The caption read: “After my first dress rehearsal I was asked to remove both free Palestine and ceasefire in Ogham from my outfit. My delegation and I fought against this and the EBU eventually agreed to letting ceasefire remain. About an hour before my call time I was informed that they had an internal meeting and ceasefire was no longer acceptable, and if I didn’t remove this I would not be allowed on stage.

“I am pro-justice and pro-peace and this will never change, I only hope with a platform I can reach more peoples ears. My heart and prayers are with the people of Palestine #eyesonrafah and to be clear being pro-Palestinian does not mean I am antisemitic, it means I am anti-war, anti-occupation, anti-oppression and anti-killing of innocent civilians and children!!”

They recently spoke to NME about navigating this year’s controversial competition: “It’s a lot when I know that my heart is in the right place and when it’s not my decision. I have had to take a break from social media because it is weighing on me. A lot of stuff is completely nasty and uncalled for.
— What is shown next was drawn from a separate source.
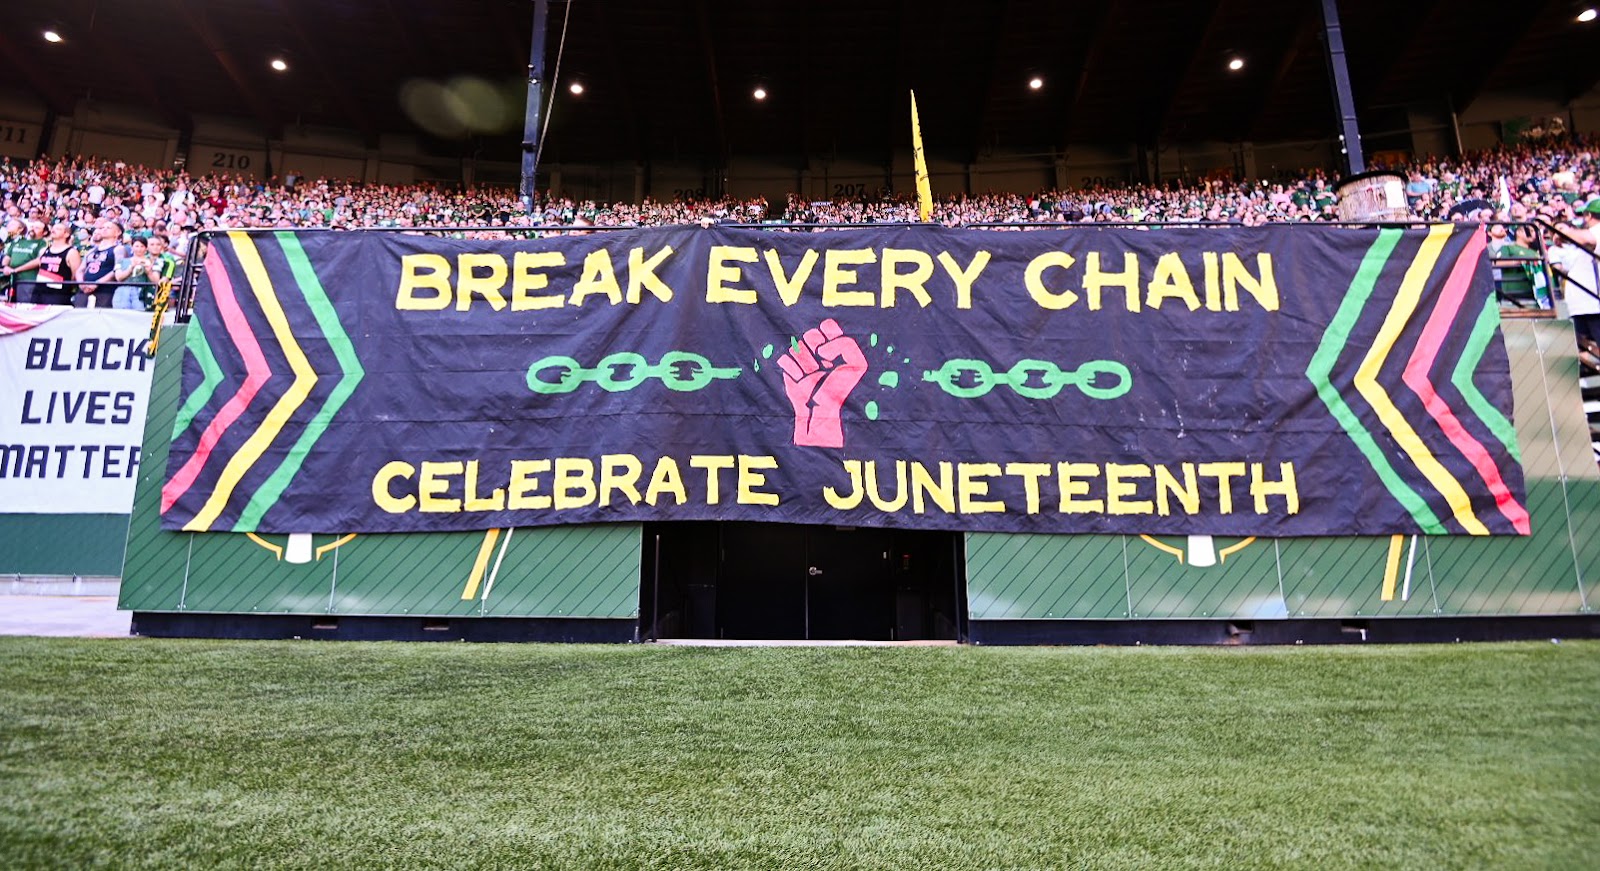 maintstage banner in Providence Park, black background with the words "BREAK EVERY CHAIN CELEBRATE JUNETEENTH" in yellow letters. There is a red fist going upwards through a green chain. Yellow, green, and red arrows on both sides of the banner pointing towards the message.

“As artists, we’re easy targets, but at the end of the day, I have said that I don’t think they made the right decision,” they continued. “I still stand by that. But people should be coming for the EBU and for the broadcasters, not us as artists. I stand by my statement and I am completely for Palestine, and I think it’s ridiculous that it’s gone on for so long. I think the world is quite removed from its heart and its consciousness right now.”

Later on in the chat, they added: “I’m going to continue to use my voice, as I said, and do everything I can with what I can do.”

Recently, it was reported that Bambie raised a complaint with the Eurovision organisers due to Israeli broadcaster KAN’s commentary on their performance. The comments, which told viewers to “prepare your curses” and claim Bambie’s performance was “the most scary” of the night, were labelled “in breach of the rules” of the EBU.

Bambie added: “I hope the EBU will address it correctly.”

In other news, Bambie has called on Eurovision organisers to “show some humanity” over the political issues impacting the contest.